** Opening Provided data block **
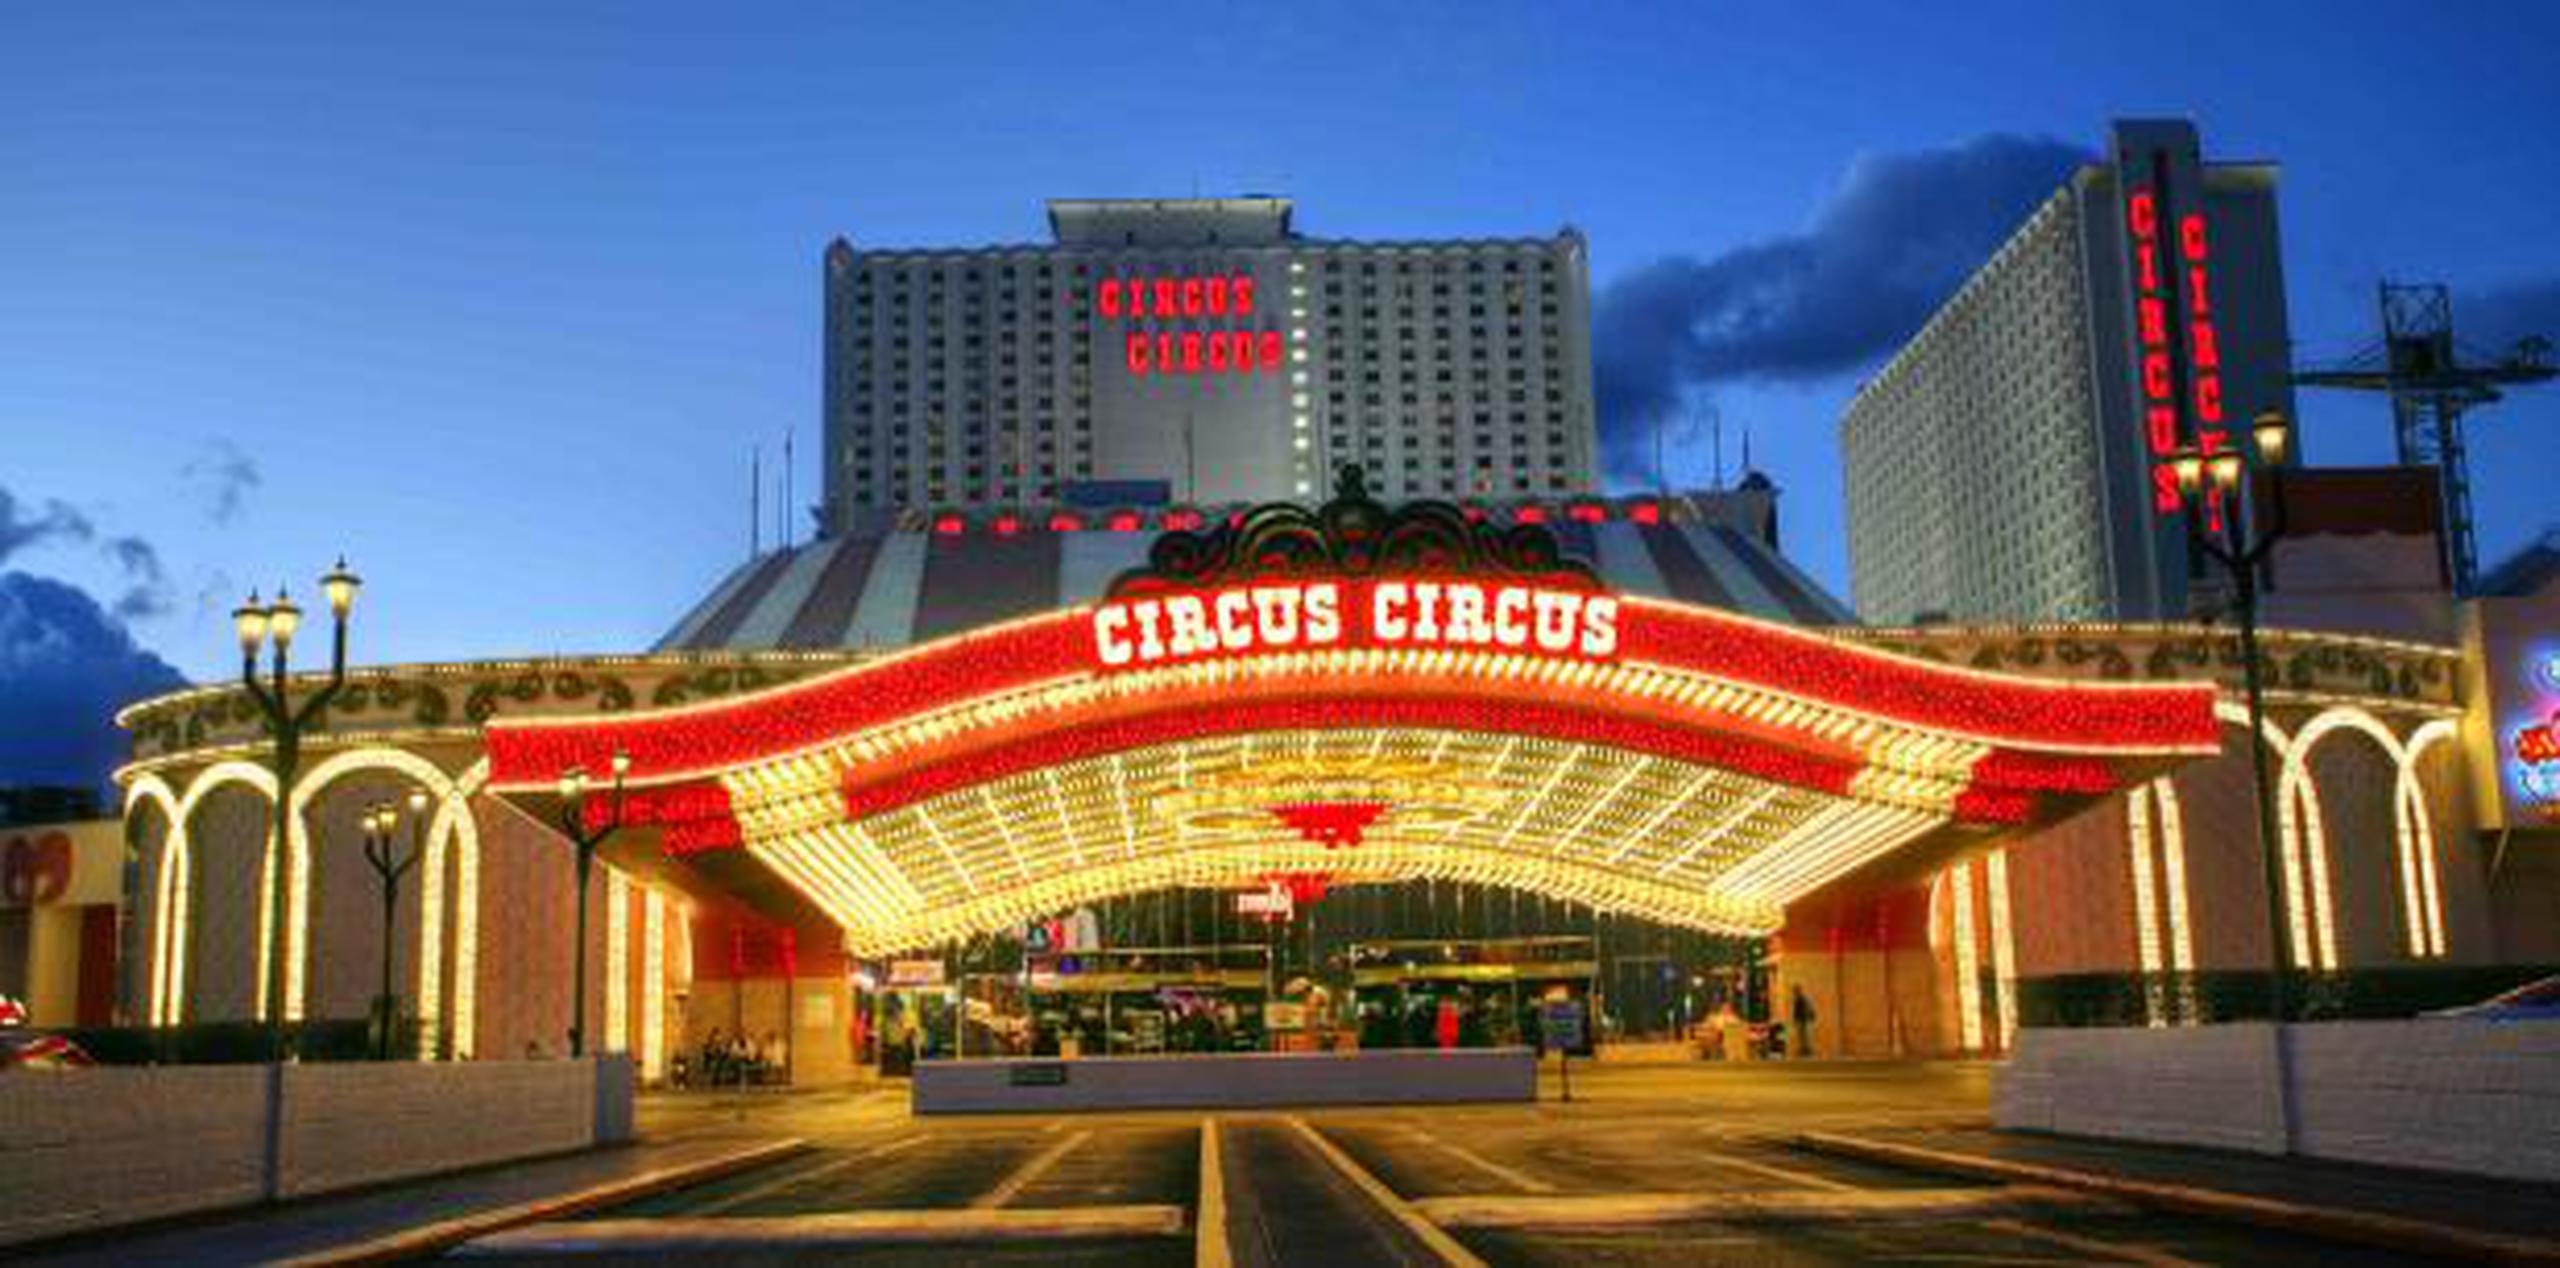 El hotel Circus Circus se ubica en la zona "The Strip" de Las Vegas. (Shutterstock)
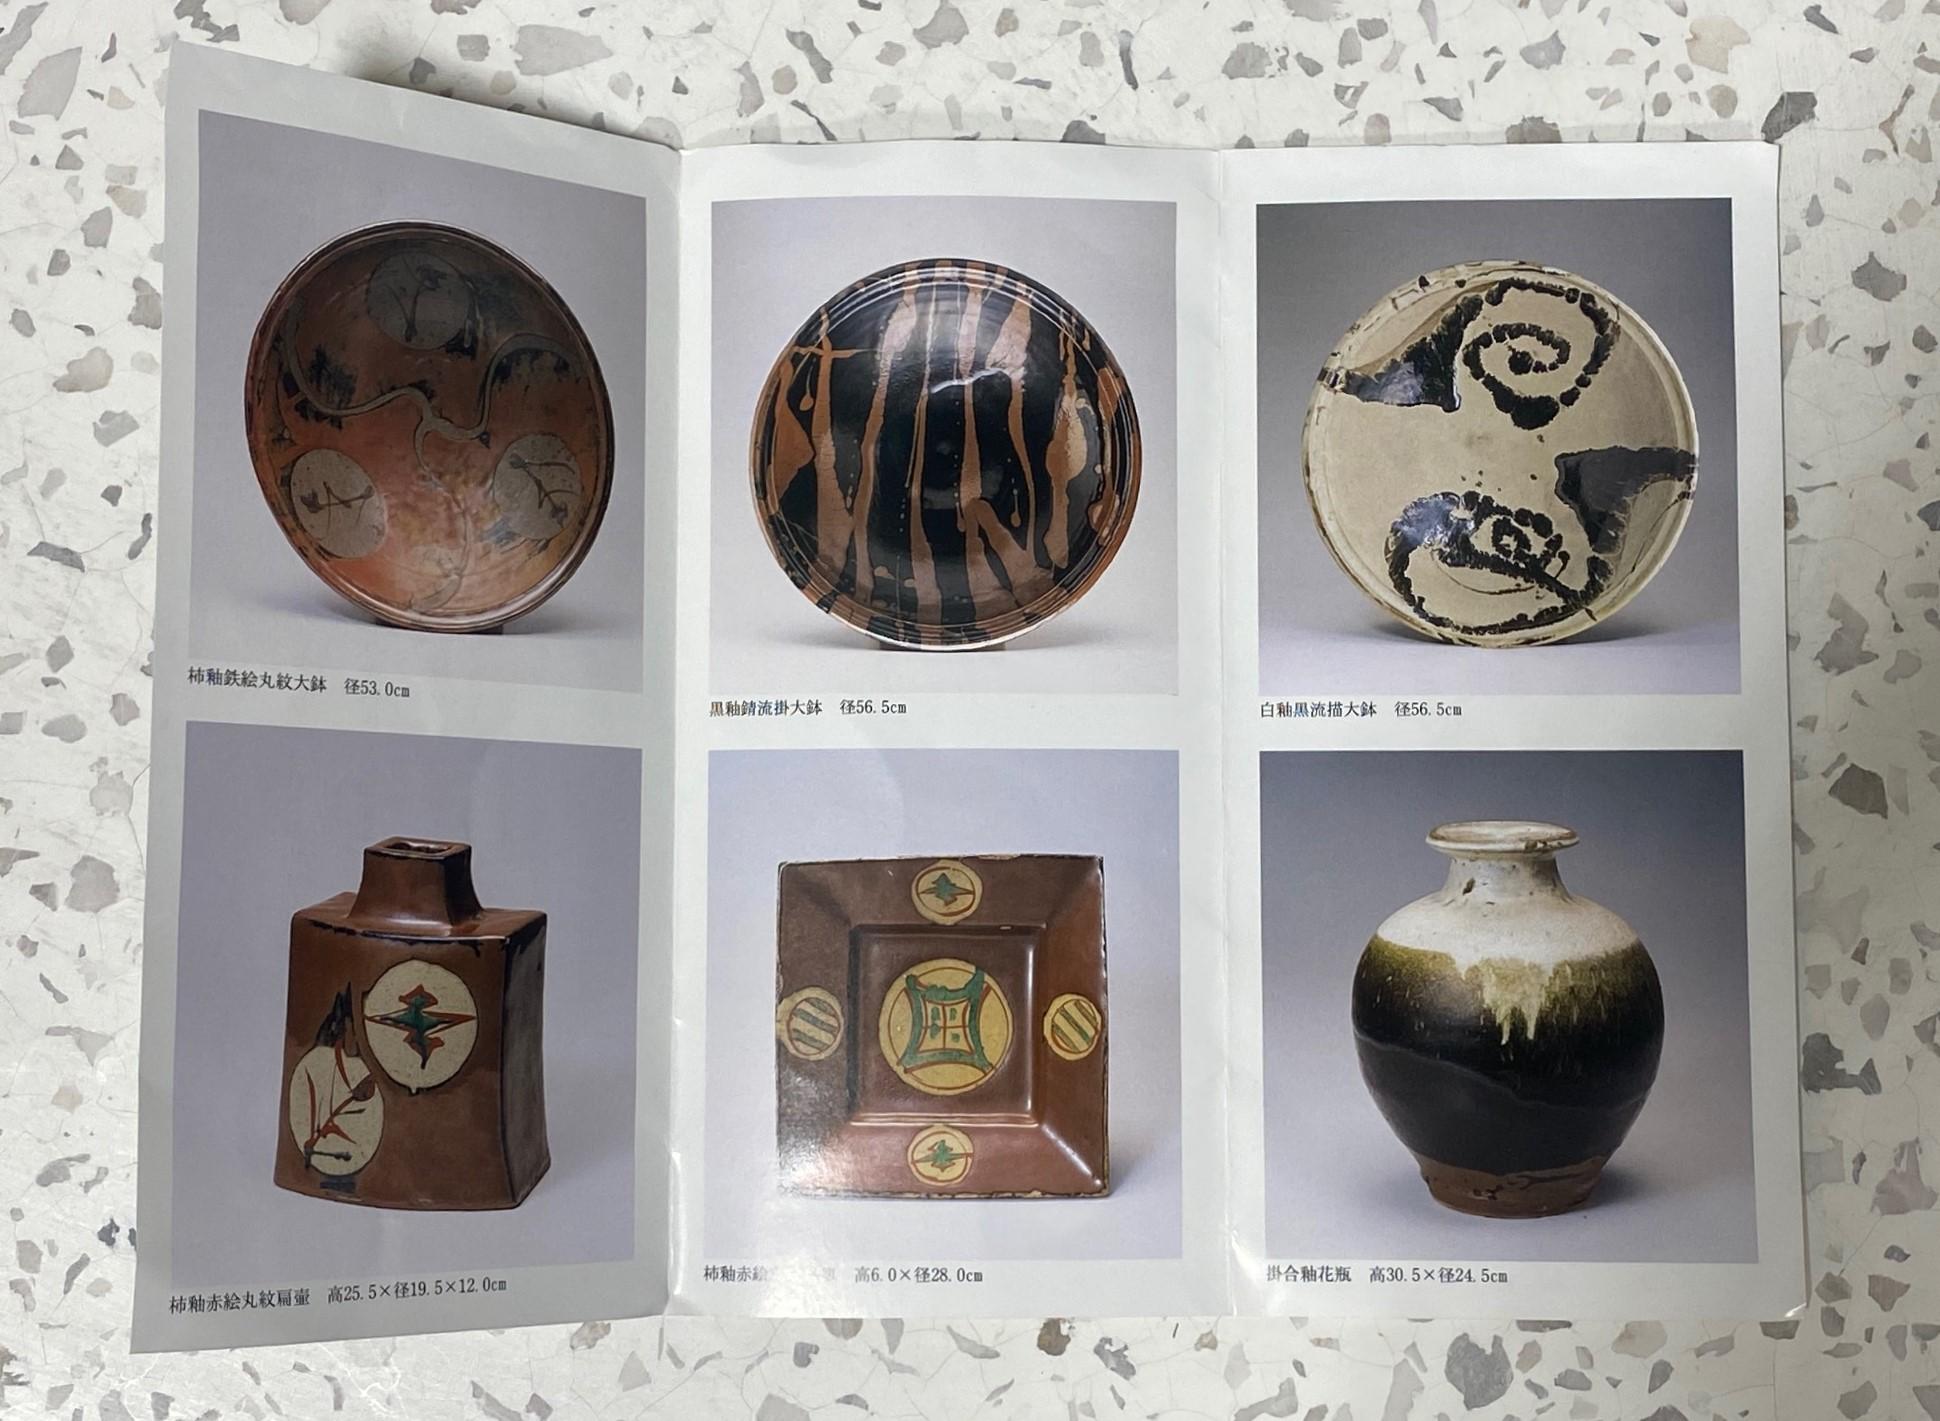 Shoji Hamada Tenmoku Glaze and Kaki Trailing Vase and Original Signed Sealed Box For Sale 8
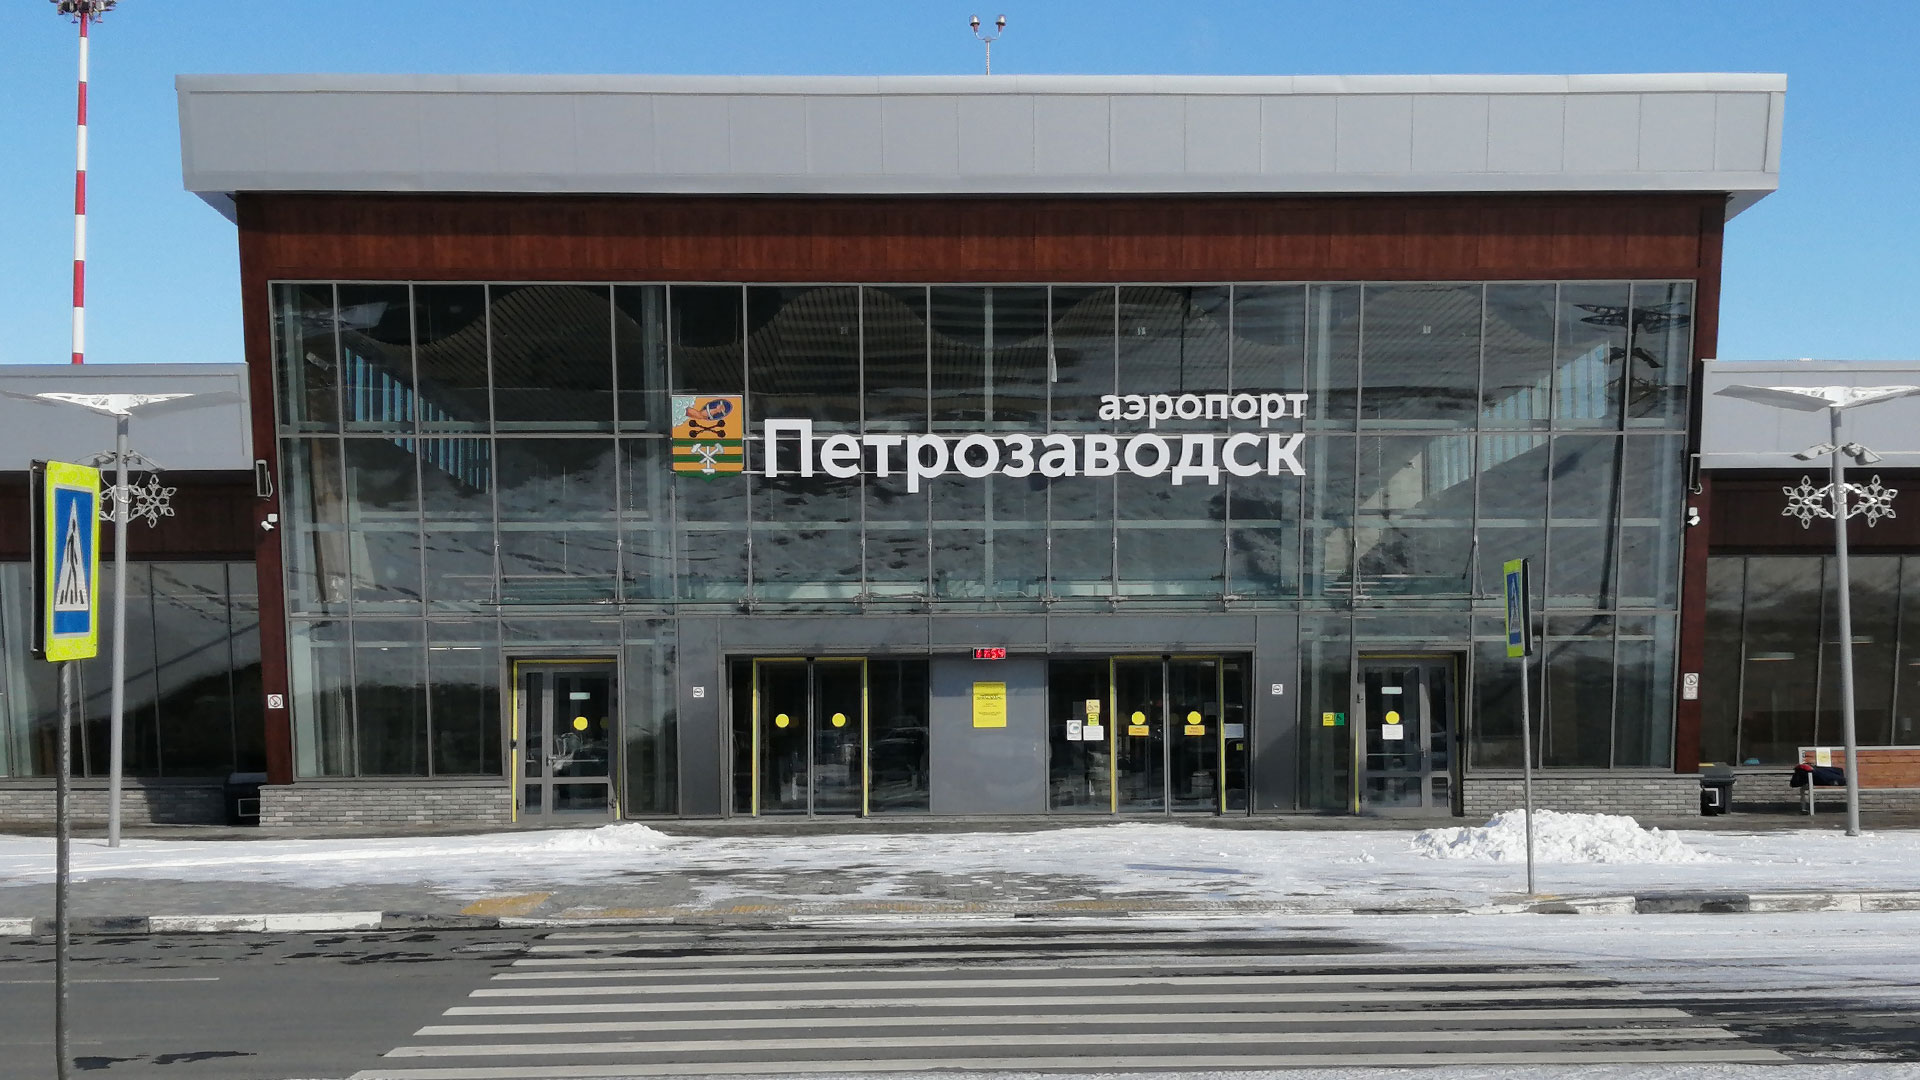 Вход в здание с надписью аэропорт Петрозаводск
** Closing Provided data block **
Instructions to follow: Reproduce every line above word for word; no images.

Response to this exercise:
 El hotel Circus Circus se ubica en la zona "The Strip" de Las Vegas. (Shutterstock)
 Shoji Hamada Tenmoku Glaze and Kaki Trailing Vase and Original Signed Sealed Box For Sale 8
 Вход в здание с надписью аэропорт Петрозаводск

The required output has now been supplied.